## [Data section]
►

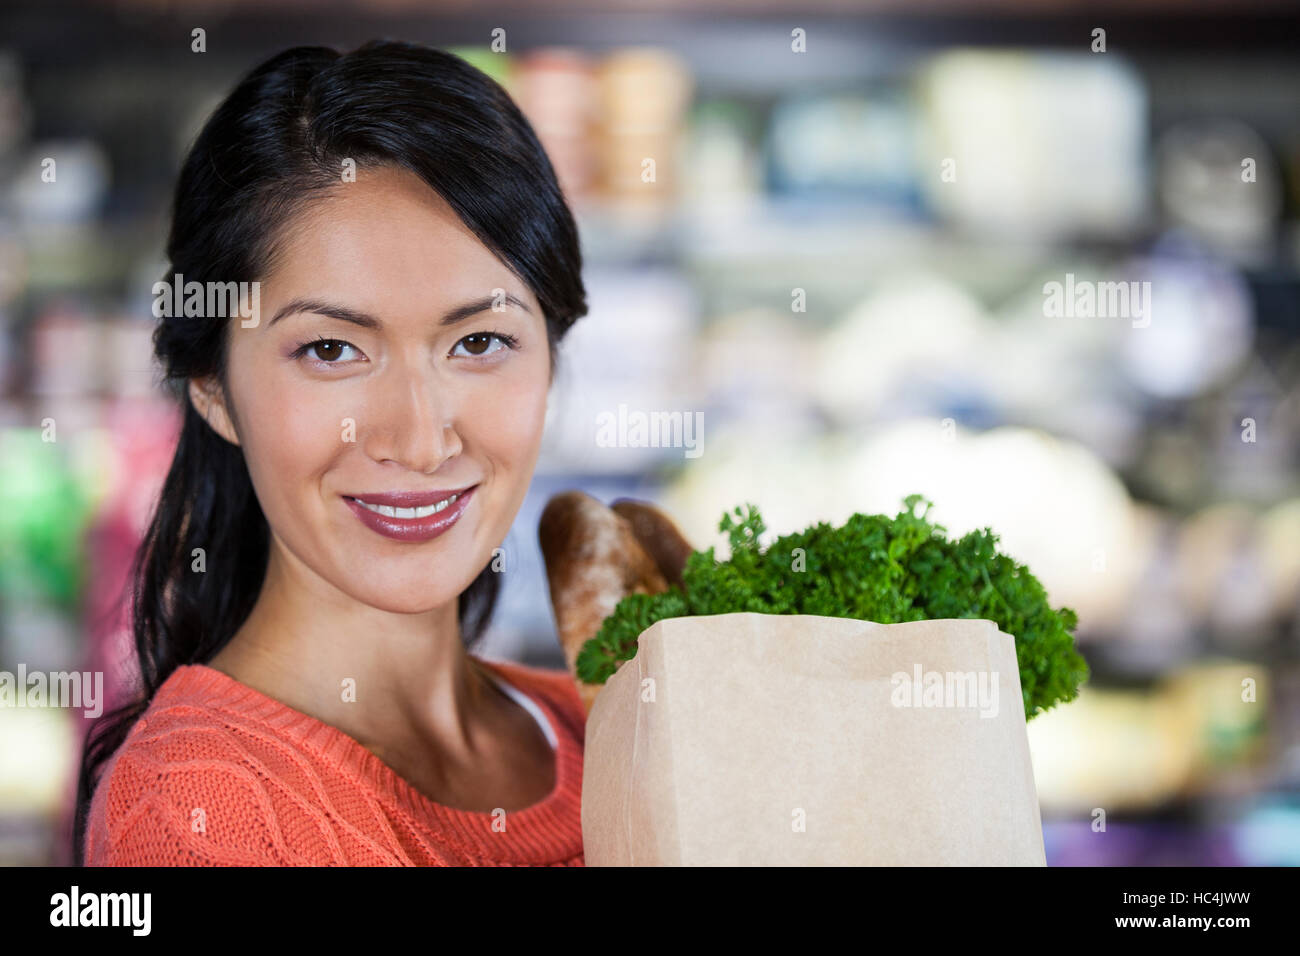 Woman holding groceries in paper bag Stock Photo
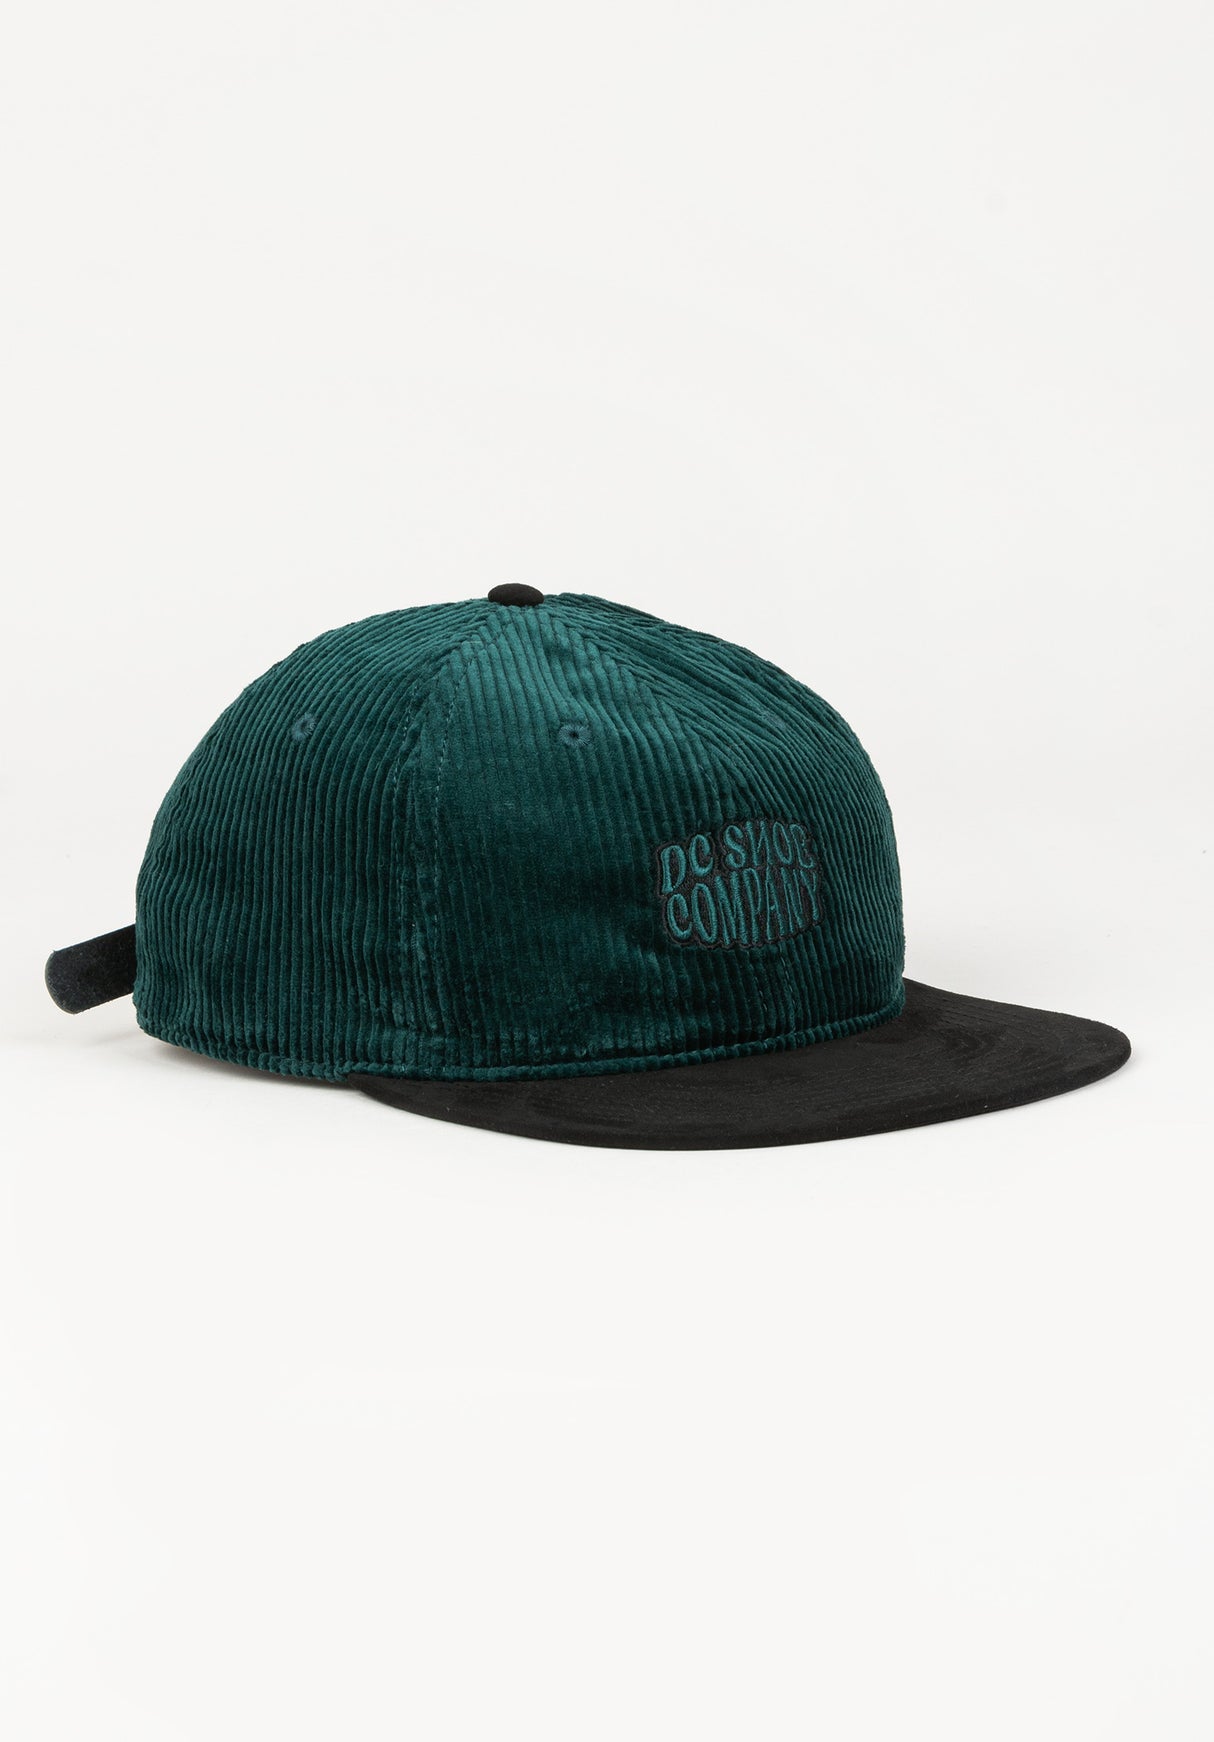 Cypher Strapback DC Shoes Cap for Men TITUS – in sycamore
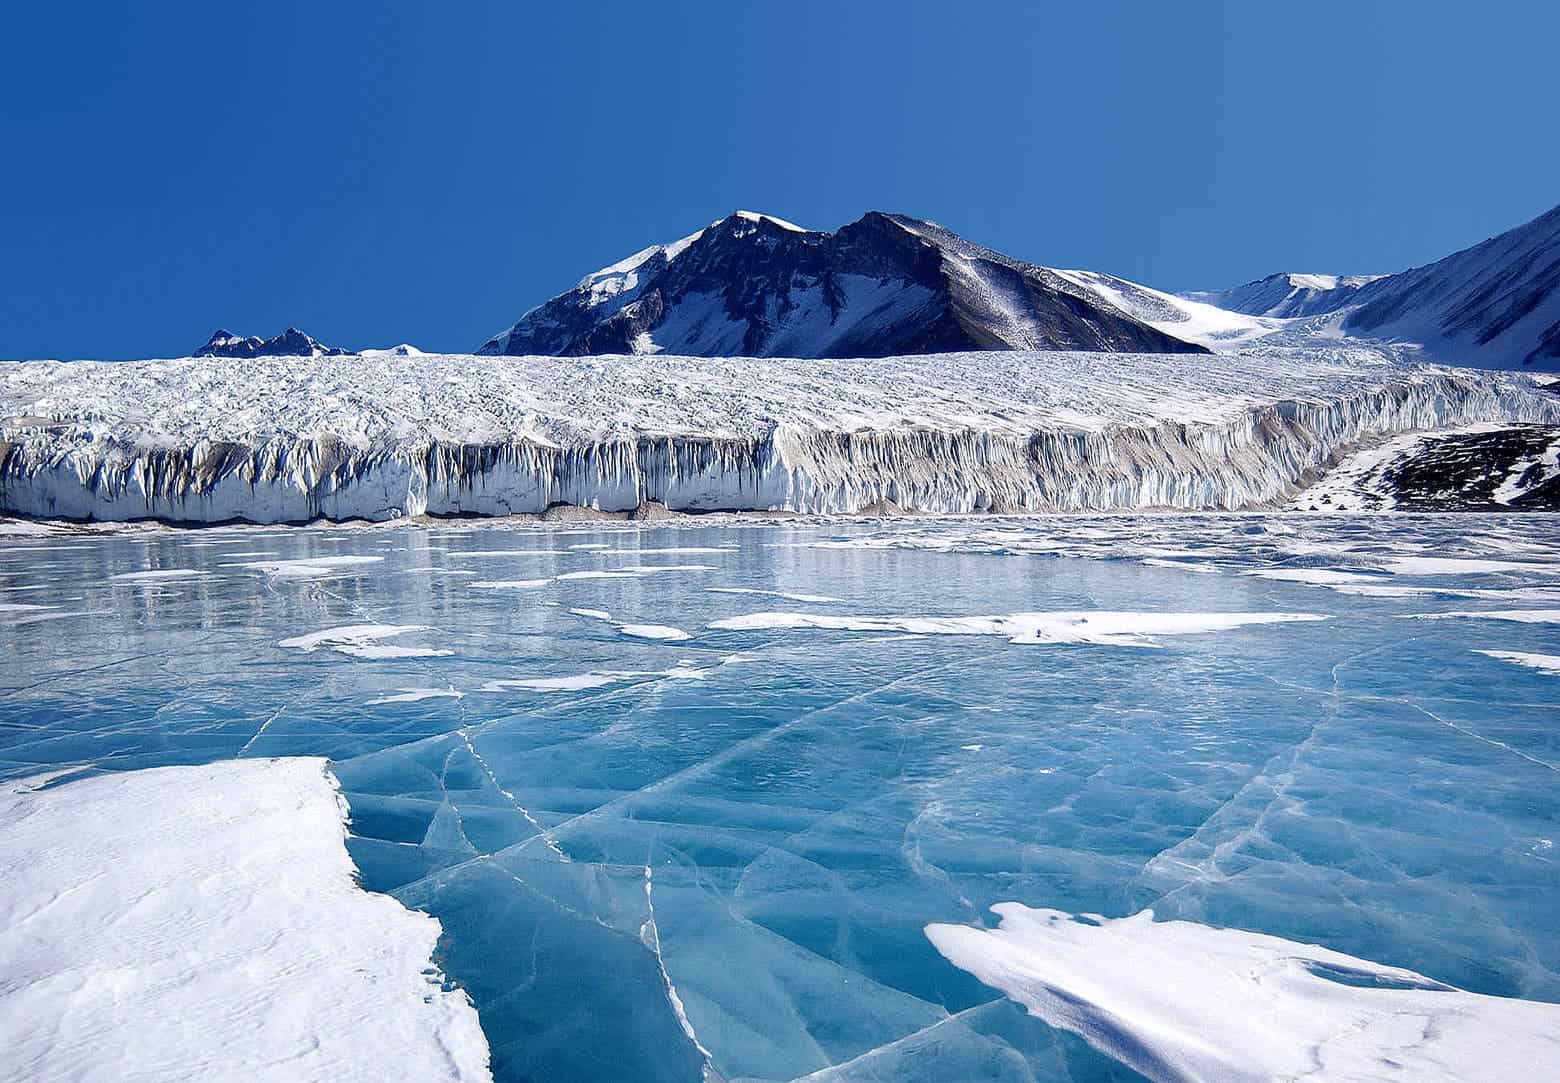 The blue ice covering Lake Fryxell, in the Transantarctic Mountains, comes from glacial meltwater from the Canada Glacier and other smaller glaciers. Image credits: Joe Mastroianni

◄

Give back an exact copy of the material above, omitting the pictures.

## [Written response]
 Woman holding groceries in paper bag Stock Photo
 Cypher Strapback DC Shoes Cap for Men TITUS – in sycamore
 The blue ice covering Lake Fryxell, in the Transantarctic Mountains, comes from glacial meltwater from the Canada Glacier and other smaller glaciers. Image credits: Joe Mastroianni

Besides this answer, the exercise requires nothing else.